Just this month, a consultant to the U raised questions about Fairview's ongoing financial problems during a Board of Regents meeting.

"The fact is that over the past four or five years, they will have lost almost $1 billion on operations," Cliff Stromberg, an attorney with the Washington, D.C.-based firm Hogan Lovells, said during a recent regents meeting in Victoria. "That is unheard of."

Fairview shot back in a statement to the Star Tribune saying: "Instead of hiring high-priced D.C. legal consultants to advise them, university leadership would be wise to speak directly to those with actual insights and expertise in health care delivery, including the leaders who have responsibility over the health care we provide to our community."

In March, the Star Tribune reported on internal documents in which Fairview's CEO wrote that the U "appears to be profiting significantly" from the patient care collaboration while the health system wasn't seeing financial benefits.

Hereford asked if Fairview could trim annual academic support payments, but the university objected and blasted "the depth of mismanagement by Fairview leadership."

"It is alarming to the University that a highly-compensated CEO of a $6 billion-a-year nonprofit health care enterprise cannot articulate a multi-step plan to bring Fairview back to good health," wrote the medical school dean along with Myron Frans, the U's senior vice president for finance, in a joint Oct. 31 letter to Hereford.

This month at the regents meeting, Frans spoke of the university needing to resolve its "partner problem." He reiterated the U's interest in obtaining from Fairview control for at least some parts of the sprawling university hospital operations.

In January, the university floated the idea of building a replacement hospital on its West Bank campus — one of many ideas not addressed Thursday in a flurry of statements issued by the involved entities.

"While this may not have been the outcome we desired," Hereford said, "we remain committed to our people and to continue advancing the important work we do every day in caring for those in need."

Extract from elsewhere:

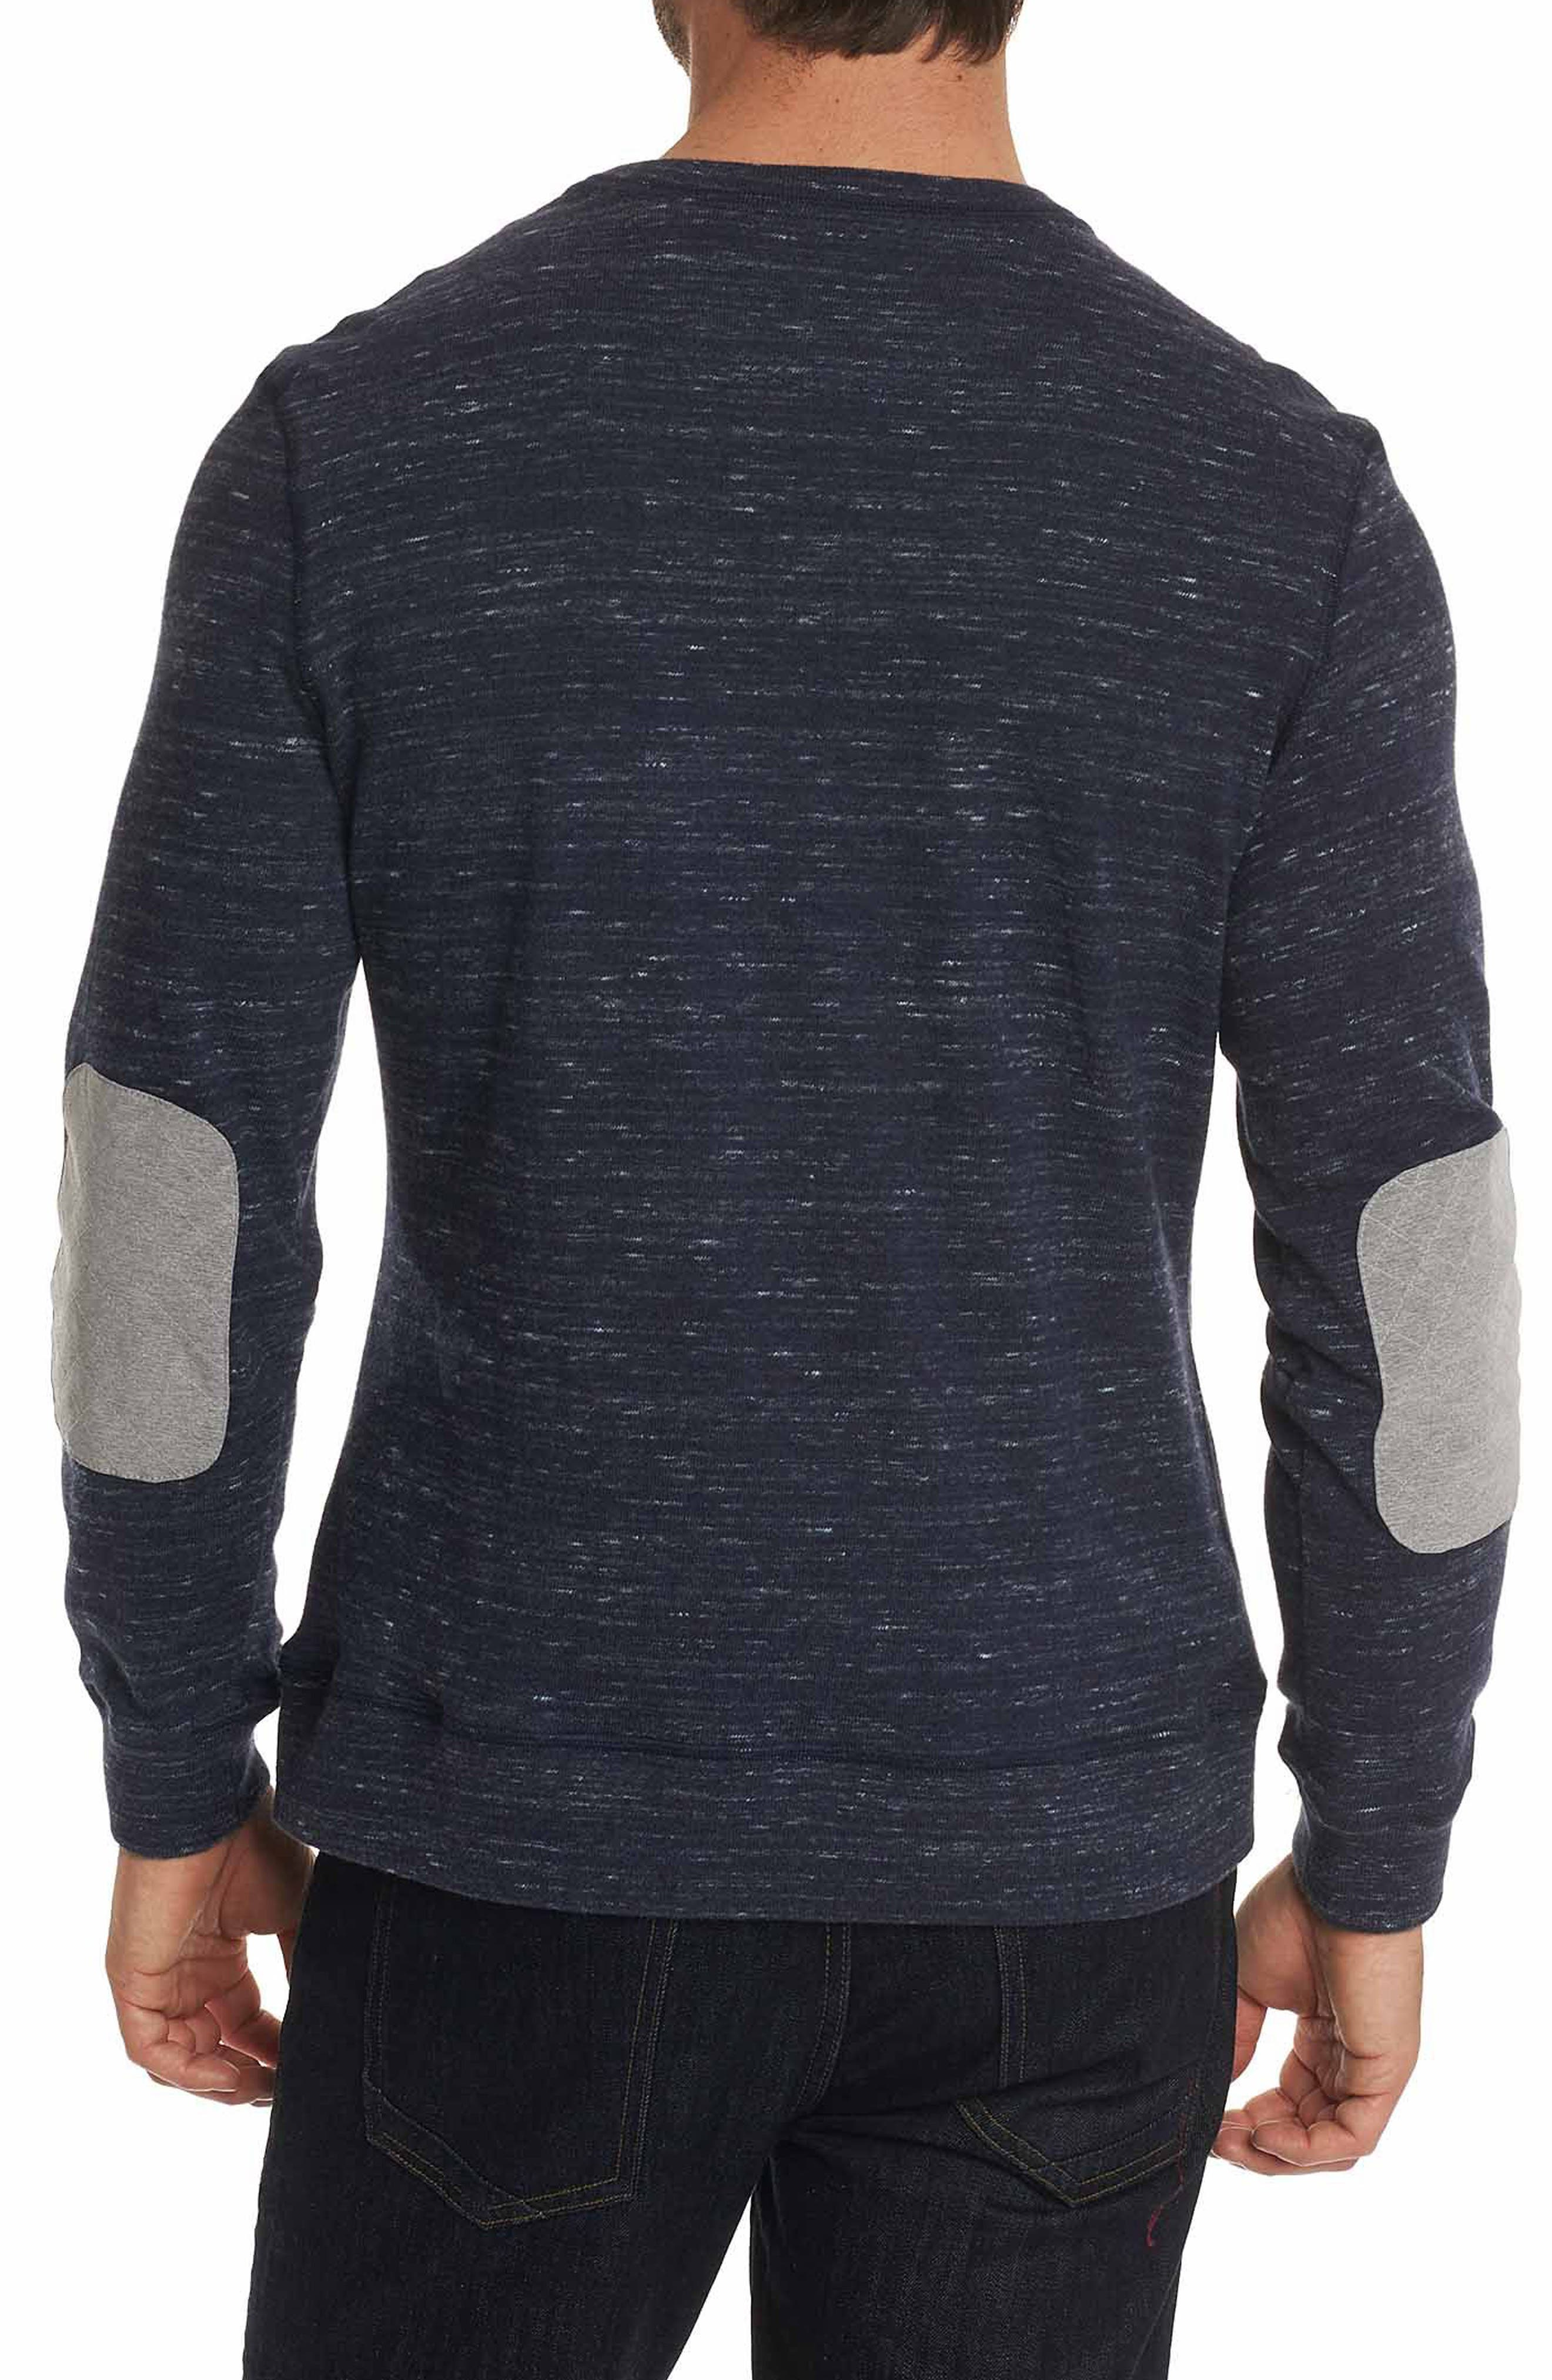 Endurance Elbow Patch Sweatshirt,                             Alternate thumbnail 2, color,                             Heather Navy

Timeline of merger attempt

November 2022: Fairview and Sanford announce plans for a merger to create a health system with some 78,000 employees and more than 50 hospitals. The University of Minnesota has opposed the merger because it would shift control of the U's teaching hospital — purchased by Fairview in 1997 — out of state.

January: U proposes resuming control of University of Minnesota Medical Center with $950 million in state funding to acquire and initially operate the hospital.

February: Sanford and Fairview agree to delay their merger timeline from March 31 to May 31 as Attorney General Keith Ellison collected information on the merger.

April: Sanford and Fairview again delay merger in order to provide a 90-day notice of the closing after a request by Ellison's office.

July 27: Both sides announce the merger deal is dead.